Republican consultant Neil Newhouse of Public Opinion Strategies in Alexandria, Va., is more blunt.
"This year, being a political outsider is an advantage, no doubt about it. At the same time I think his message is extremely naive," he said.
So far, said Newhouse, Perot has been "treated with kid gloves." But "once the press starts examining his issue positions," he said, "I don’t think he will have a thread of credibility to stand on. The press will rip the guy to shreds."
But, said Cerrell, "There are a lot of people out there [who are] not particularly enamored with President Bush or Bill Clinton who could very well find themselves voting for Mr. Perot."
"I have observed Ross Perot many years and . . . he’s a very bright, articulate billionaire. You don’t get to where he is in life without having something on the ball."
Perot is widely considered to be conservative because he is a businessman, but those on both the right and the left would dispute tagging him as such.
Howard Phillips, chairman of the Conservative Caucus in Vienna, Va., said Perot is "of course" not a conservative. In fact, he said, Perot is a populist "in the tradition of [President] Lyndon Johnson and [Texas Governor] John Connally."

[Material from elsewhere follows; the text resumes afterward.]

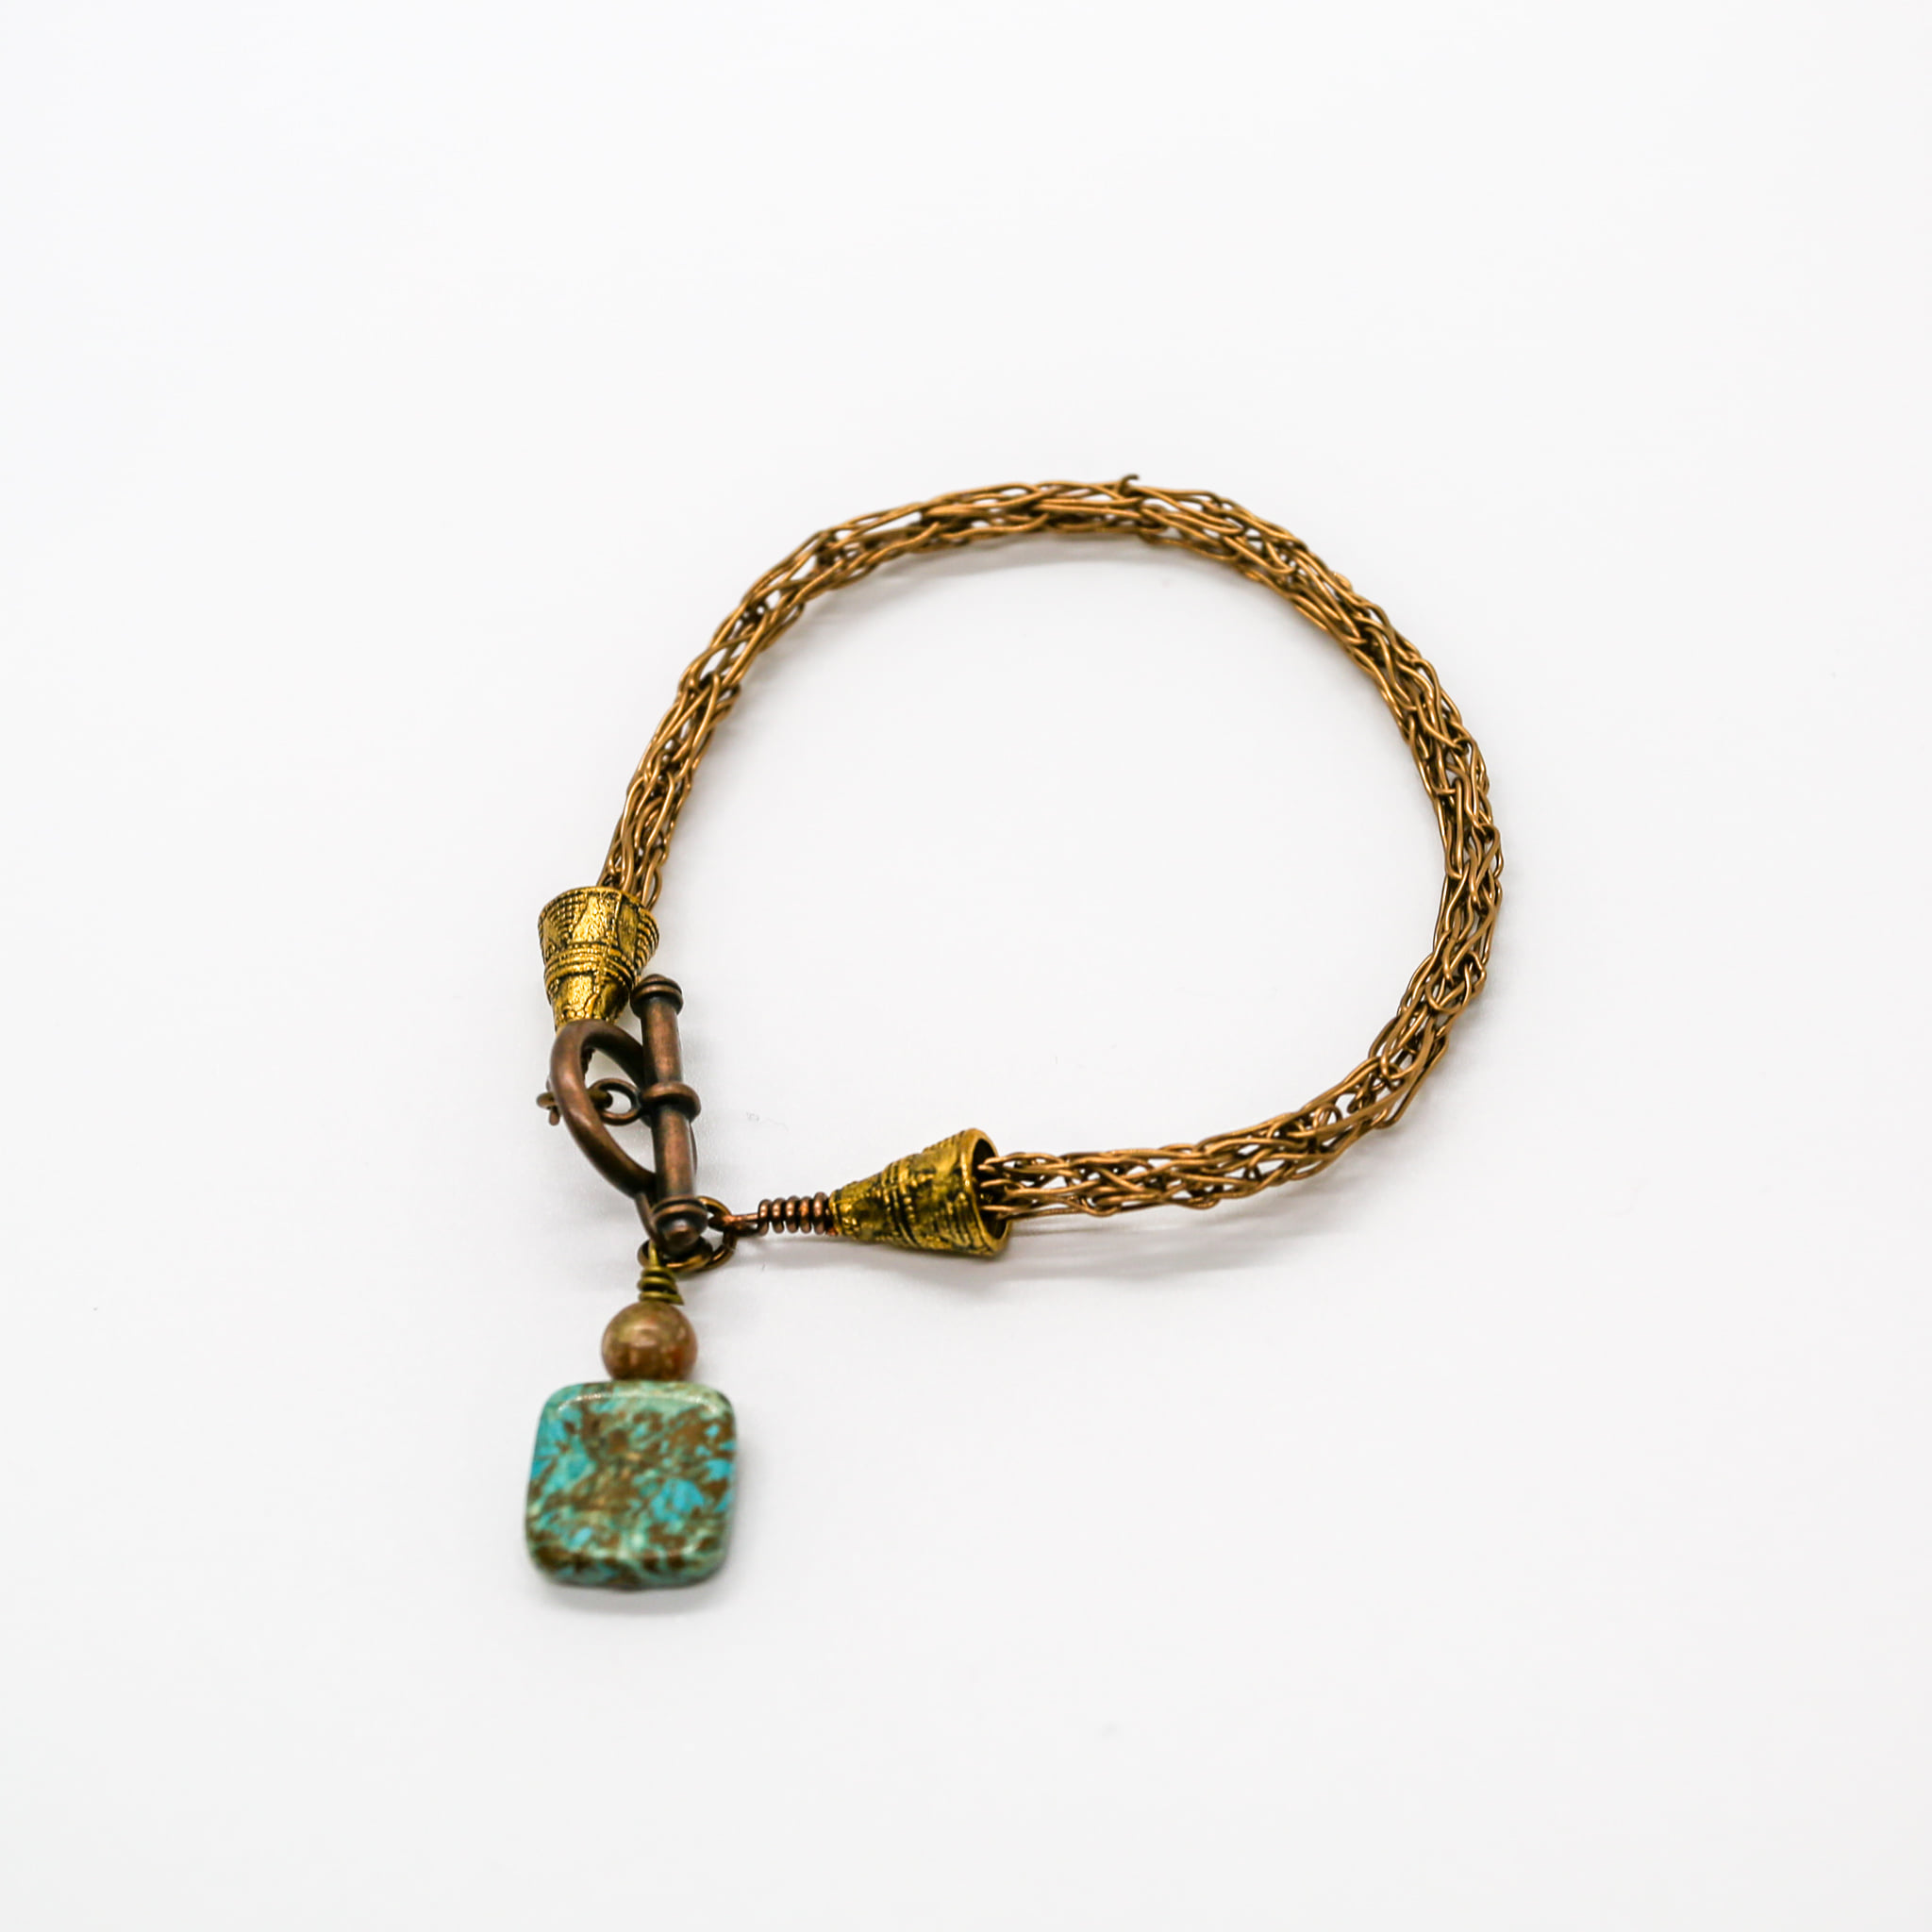 Parisian Peacock Bracelet

Citing Perot’s positions on abortion, gun control and collecting more tax revenue from the public, Phillips says that, though he thinks very highly of Perot, "his political philosophy is very different from mine."
Jeff Faux, President of the Economic Policy Institute, a liberal Washington, D.C. think tank, says Perot does represent the thinking of many businessmen but can’t really be characterized as conservative.
"I think he represents a fair amount of sentiment in the American business community outside Wall Street and Washington," he said.
He added that Perot appeals to businessmen who think that a tax hike is needed to close the federal budget, that certain industries must be protected from foreign competition and that the recently negotiated trade agreement with Mexico will cost American jobs.
If Perot doesn’t become the next president, he may still help determine who wins by draining off votes in such key states as Texas.
Some pundits have assumed that votes for Perot would necessarily come from Bush’s plate. "It’s got to have the White House shaking in their boots," Democratic Chairman Ronald H. Brown has said.
But Meyer is less certain. "Populists have historically been Democrat," he noted, and therefore Perot may appeal to Democratic voters.
"It’s a possibility that Perot as a southerner can siphon off votes from southerner Bill Clinton," he said.